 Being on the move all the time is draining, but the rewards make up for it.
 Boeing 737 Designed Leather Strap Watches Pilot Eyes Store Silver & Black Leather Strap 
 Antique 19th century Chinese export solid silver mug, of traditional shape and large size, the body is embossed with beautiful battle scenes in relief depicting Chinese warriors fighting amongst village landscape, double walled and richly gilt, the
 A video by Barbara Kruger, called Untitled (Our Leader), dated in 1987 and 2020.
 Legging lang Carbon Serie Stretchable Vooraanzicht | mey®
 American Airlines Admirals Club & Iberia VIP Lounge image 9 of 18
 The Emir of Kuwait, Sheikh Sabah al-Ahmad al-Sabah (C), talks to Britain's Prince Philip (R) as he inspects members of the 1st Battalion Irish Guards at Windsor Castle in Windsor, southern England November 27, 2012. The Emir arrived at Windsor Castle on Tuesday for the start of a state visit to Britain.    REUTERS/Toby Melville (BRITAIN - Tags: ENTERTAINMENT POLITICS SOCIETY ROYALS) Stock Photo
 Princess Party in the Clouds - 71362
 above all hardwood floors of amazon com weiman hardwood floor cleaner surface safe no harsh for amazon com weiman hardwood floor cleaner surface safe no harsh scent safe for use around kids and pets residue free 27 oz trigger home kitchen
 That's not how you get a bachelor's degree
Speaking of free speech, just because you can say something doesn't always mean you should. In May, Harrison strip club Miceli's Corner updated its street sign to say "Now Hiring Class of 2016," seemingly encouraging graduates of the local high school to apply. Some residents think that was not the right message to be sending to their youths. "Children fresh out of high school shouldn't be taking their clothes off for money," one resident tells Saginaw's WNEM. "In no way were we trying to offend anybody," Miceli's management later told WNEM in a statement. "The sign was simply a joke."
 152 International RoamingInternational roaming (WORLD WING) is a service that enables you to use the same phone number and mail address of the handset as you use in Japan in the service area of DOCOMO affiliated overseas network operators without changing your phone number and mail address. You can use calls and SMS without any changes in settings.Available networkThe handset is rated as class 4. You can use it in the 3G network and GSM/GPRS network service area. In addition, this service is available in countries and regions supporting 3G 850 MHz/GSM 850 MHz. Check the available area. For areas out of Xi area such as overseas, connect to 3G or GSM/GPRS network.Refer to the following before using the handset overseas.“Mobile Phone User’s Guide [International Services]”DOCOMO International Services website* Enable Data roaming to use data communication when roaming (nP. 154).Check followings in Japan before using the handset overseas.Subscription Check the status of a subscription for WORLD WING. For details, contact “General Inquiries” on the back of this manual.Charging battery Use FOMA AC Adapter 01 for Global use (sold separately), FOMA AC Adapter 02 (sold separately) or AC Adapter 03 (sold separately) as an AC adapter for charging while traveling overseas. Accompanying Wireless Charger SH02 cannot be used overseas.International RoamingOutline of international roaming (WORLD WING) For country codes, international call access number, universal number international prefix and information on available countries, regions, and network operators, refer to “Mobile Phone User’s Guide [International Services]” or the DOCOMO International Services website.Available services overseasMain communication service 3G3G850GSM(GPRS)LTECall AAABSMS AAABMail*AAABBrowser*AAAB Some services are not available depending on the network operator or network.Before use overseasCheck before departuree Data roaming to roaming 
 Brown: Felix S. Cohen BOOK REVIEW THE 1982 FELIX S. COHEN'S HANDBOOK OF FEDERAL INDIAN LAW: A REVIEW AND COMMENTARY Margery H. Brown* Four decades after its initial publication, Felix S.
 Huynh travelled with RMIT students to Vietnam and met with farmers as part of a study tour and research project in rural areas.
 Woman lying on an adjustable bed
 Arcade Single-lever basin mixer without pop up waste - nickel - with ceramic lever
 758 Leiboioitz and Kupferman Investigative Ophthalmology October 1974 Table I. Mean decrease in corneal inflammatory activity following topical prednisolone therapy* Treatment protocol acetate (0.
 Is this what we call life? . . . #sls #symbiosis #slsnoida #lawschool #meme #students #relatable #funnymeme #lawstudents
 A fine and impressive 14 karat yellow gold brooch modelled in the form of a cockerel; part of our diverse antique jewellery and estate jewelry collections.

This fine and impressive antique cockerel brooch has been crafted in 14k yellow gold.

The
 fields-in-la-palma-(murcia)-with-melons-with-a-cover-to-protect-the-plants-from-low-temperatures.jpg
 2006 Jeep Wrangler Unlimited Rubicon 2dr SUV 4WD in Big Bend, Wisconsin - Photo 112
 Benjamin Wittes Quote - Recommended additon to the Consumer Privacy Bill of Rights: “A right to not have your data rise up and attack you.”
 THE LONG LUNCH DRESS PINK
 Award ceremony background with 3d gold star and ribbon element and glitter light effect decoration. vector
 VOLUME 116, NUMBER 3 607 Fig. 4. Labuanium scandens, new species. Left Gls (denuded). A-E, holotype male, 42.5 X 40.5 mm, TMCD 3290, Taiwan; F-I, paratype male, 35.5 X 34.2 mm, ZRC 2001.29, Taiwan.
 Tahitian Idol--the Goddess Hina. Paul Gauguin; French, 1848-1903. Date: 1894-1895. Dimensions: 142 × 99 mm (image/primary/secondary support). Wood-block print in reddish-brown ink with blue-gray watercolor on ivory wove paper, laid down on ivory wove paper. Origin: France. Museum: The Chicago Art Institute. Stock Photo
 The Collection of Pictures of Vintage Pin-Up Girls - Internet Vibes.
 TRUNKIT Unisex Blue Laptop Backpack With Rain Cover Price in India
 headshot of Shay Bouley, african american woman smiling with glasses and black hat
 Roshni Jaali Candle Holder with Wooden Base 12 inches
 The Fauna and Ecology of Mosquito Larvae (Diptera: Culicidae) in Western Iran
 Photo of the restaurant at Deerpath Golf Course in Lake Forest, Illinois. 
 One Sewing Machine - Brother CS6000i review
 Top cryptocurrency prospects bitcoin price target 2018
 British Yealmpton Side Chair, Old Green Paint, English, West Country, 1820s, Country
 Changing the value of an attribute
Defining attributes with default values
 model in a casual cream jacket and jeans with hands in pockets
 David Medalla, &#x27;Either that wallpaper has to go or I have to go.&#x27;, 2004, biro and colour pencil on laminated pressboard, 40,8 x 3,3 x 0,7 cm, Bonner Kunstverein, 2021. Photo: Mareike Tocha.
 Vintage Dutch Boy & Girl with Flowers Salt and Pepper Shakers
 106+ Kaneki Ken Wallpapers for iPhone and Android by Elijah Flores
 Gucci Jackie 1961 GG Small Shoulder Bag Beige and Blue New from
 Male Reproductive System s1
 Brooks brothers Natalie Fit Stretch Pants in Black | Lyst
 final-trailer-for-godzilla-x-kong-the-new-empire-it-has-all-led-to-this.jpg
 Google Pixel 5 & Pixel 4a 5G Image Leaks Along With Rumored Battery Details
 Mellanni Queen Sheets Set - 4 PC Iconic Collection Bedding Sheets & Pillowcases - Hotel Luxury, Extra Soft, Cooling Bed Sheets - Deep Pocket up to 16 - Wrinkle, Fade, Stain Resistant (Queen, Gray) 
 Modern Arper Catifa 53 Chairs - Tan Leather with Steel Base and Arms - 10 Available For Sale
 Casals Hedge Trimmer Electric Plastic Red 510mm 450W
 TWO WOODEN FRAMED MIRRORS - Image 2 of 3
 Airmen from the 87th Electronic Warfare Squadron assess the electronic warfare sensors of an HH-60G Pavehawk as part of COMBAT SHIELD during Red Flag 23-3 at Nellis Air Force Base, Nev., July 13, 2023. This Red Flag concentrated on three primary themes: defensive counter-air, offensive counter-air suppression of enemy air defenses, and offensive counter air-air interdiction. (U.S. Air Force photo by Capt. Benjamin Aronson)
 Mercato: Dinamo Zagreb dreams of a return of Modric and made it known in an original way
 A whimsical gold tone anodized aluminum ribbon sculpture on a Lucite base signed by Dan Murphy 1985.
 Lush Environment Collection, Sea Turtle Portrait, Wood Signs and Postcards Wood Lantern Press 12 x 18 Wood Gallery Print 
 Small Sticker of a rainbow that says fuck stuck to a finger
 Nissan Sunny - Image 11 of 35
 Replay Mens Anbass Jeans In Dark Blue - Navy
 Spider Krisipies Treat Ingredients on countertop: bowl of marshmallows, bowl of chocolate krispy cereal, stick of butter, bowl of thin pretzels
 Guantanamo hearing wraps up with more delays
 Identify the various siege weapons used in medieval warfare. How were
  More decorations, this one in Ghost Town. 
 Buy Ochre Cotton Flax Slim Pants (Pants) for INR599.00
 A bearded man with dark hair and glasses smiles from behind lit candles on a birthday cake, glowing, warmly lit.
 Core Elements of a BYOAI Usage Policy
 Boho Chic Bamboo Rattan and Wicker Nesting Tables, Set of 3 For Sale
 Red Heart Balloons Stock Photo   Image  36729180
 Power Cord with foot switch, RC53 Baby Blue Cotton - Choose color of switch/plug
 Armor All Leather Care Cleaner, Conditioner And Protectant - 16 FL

=-=-=-=-=

## WORK ITEM
Give back exactly the lines of the listing above that run from the line with "Huynh travelled with" to the line with "A fine and impressive", inclusive.

## EXERCISE RESPONSE
 Huynh travelled with RMIT students to Vietnam and met with farmers as part of a study tour and research project in rural areas.
 Woman lying on an adjustable bed
 Arcade Single-lever basin mixer without pop up waste - nickel - with ceramic lever
 758 Leiboioitz and Kupferman Investigative Ophthalmology October 1974 Table I. Mean decrease in corneal inflammatory activity following topical prednisolone therapy* Treatment protocol acetate (0.
 Is this what we call life? . . . #sls #symbiosis #slsnoida #lawschool #meme #students #relatable #funnymeme #lawstudents
 A fine and impressive 14 karat yellow gold brooch modelled in the form of a cockerel; part of our diverse antique jewellery and estate jewelry collections.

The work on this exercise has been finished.